I find that the trick with shaping data is knowing when to stop. While its convenient to slice and aggregate via SQL, at some point you’ll try to predict all the permutations of how the data is analysed. It needs to be shaped just enough to be understandable by other users (potentially non-technical), and in small enough volumes to enable efficient further shaping in more approachable tools such as business intelligence software. This is where Google Datastudio comes in as a reports creator and viewer.

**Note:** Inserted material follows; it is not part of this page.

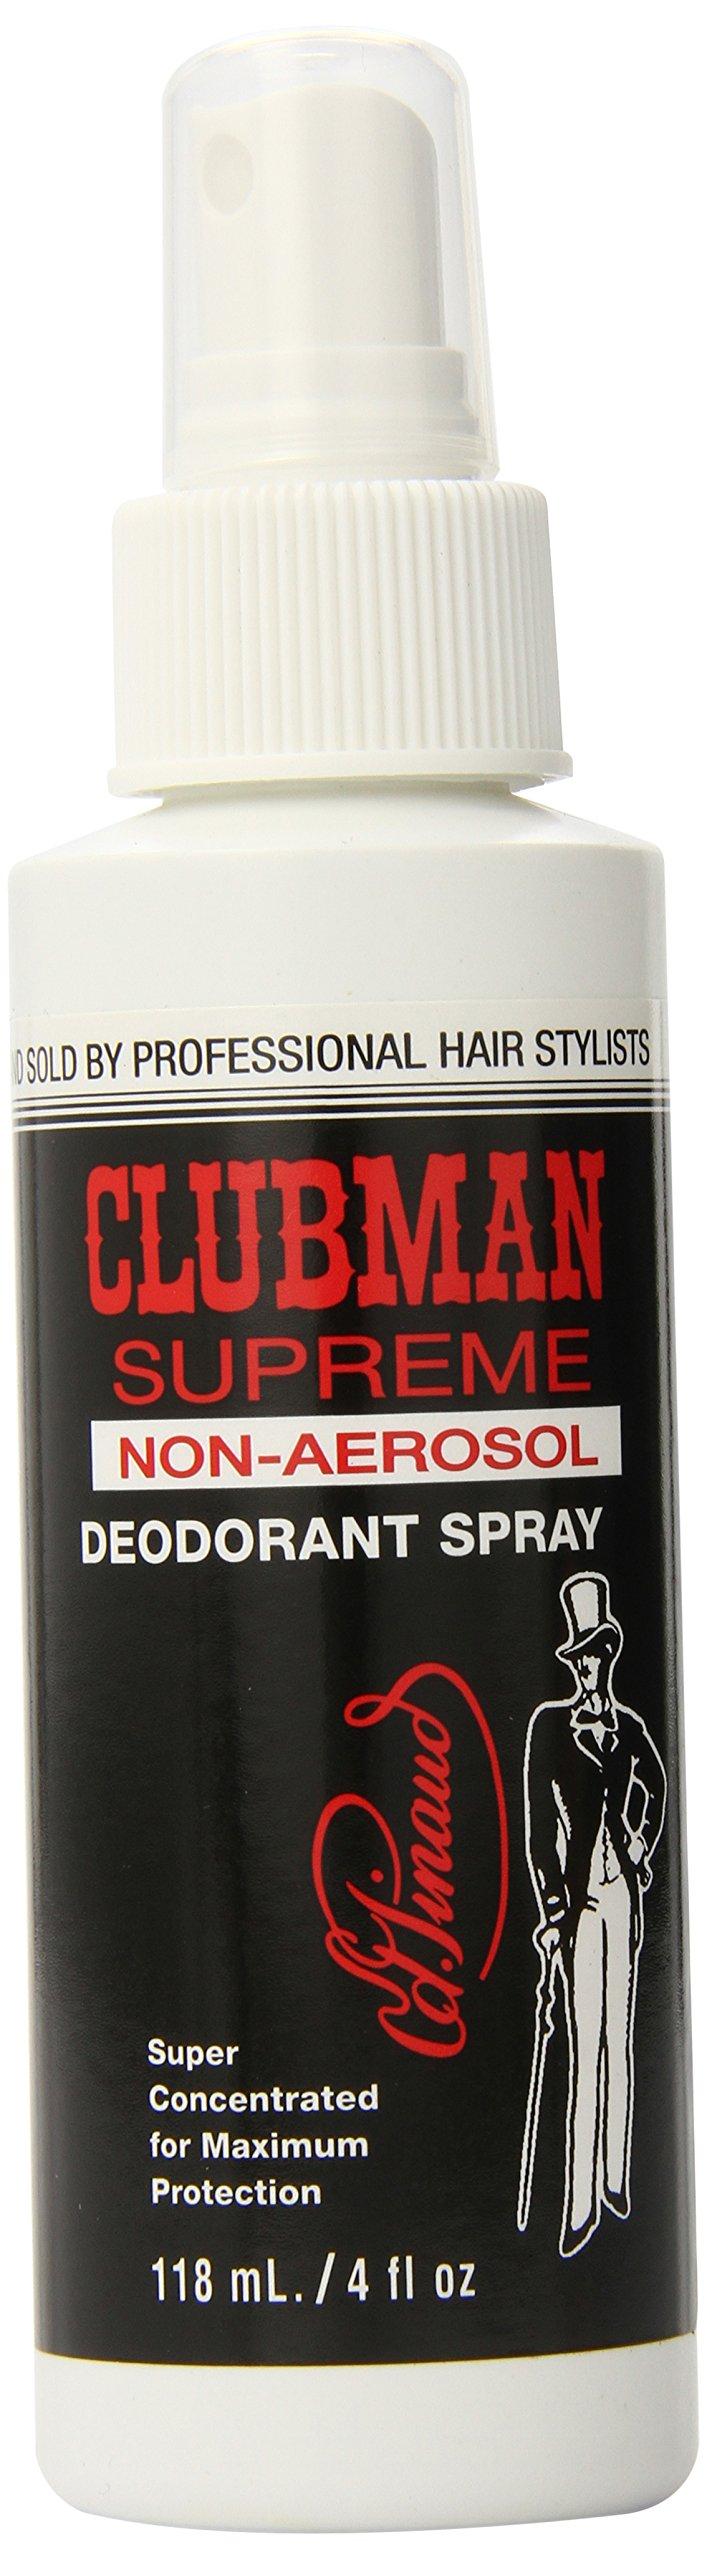 Clubman Non-Aerosol Deodorant Spray, 4 Ounce

Complex shaping such as the actor interaction example from above keep workloads light in the reporting view, while producing useful views on semi-raw data.

Tenure

By adding metadata such as “is supported module” to each event without grouping on this dimension in SQL, the reporting view can filter this on the fly based on interactive user selections in permutations that are hard to predict or prescribe.

Repo highscores

Google Datastudio is one of many tools that can be used for this purpose, but it obviously works really well with Google BigQuery. The schema of any tables and views is exposed automatically, with sensible defaults on dimensions and metrics. This is most of the setup required to drive the filterable table shown above.

Authoring

By combining some inline commentary with auto-updated and interactive data, these reports become powerful tools to tell an overarching story, but also for this story to evolve over time. Community members will look at this through a different lens than their sponsors (often the agencies they work for). Newcomers will dig for different insights than old hats.

Conclusion

In this particular situation, I was fortunate to be embedded in a business and community where I had both the need for data-driven insights, as well as the resources and skills to get the required foundations in place. 90% of “data science” seems to be the retrieval and shaping of data, rather than its interpretation. It’s often not the most glamorous work, but worth it to tell the story. This is especially true when it leads to conversations with folks who wouldn’t be in a position to get those insights themselves (due to lack of access or technical skills).

I’d like to thank Dries Buytaert, the “founding father” of Drupal (a CMS in friendly competition with Silverstripe). He’s built a system over the years to track contributions in their community, summarised in annual who sponsors Drupal posts. This took vision and tenacity, where the resulting data analysis is just the tip of the iceberg. And it has inspired me to seek out (albeit more limited) insights in our little corner of the open source ecosystem.

Disclaimer: Unfortunately I can’t make the source data derived from gharchive.org available to provide full transparency, due to limitations on Google BigQuery permissions. I would have to work with Google to make it a (sponsored) public data set. You’re welcome to derive a very similar data set based on the queries used, or contact me to collaborate and clarify.